> **Exercise objective**
Some of the lines below need repeating. Reproduce exactly those between the lines holding "CHROME MINI KADET" and "Photo of Slice", inclusive.

> **Material for this task**

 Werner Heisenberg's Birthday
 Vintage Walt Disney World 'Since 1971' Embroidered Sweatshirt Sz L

---

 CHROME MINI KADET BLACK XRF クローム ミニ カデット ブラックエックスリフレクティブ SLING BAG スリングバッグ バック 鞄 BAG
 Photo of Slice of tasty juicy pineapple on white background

...

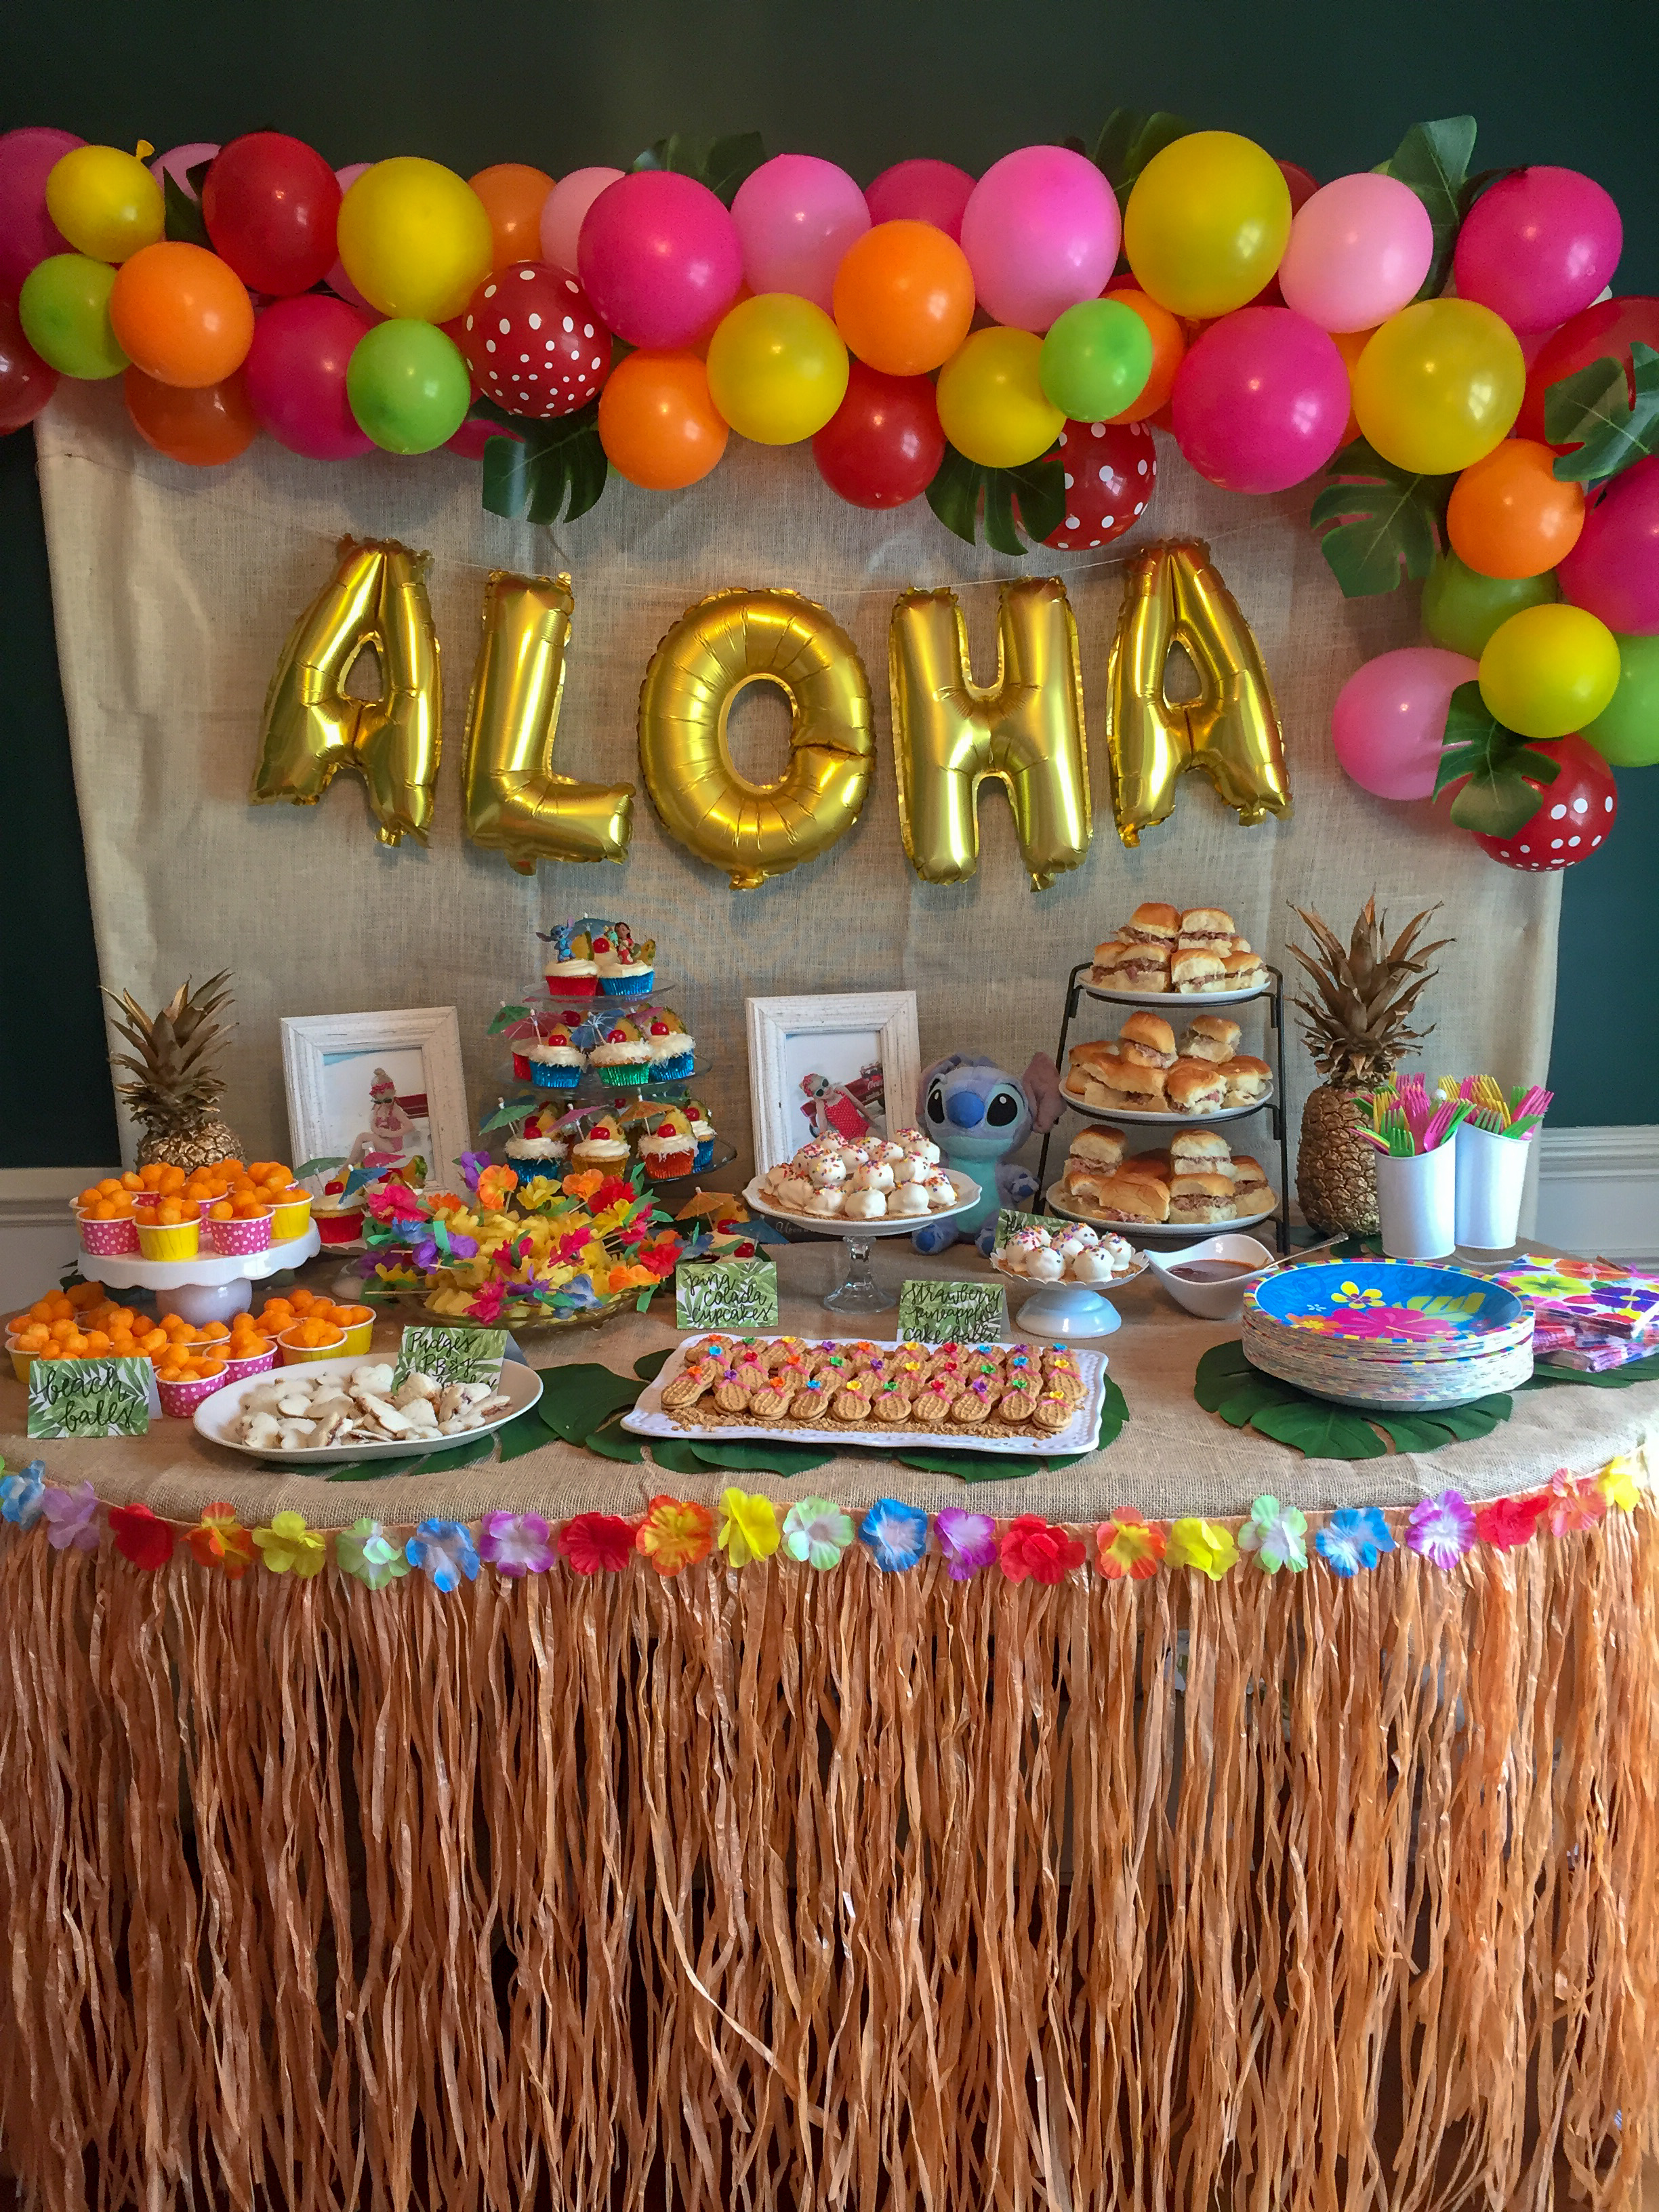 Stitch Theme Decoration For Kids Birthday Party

> **Written response**
 CHROME MINI KADET BLACK XRF クローム ミニ カデット ブラックエックスリフレクティブ SLING BAG スリングバッグ バック 鞄 BAG
 Photo of Slice of tasty juicy pineapple on white background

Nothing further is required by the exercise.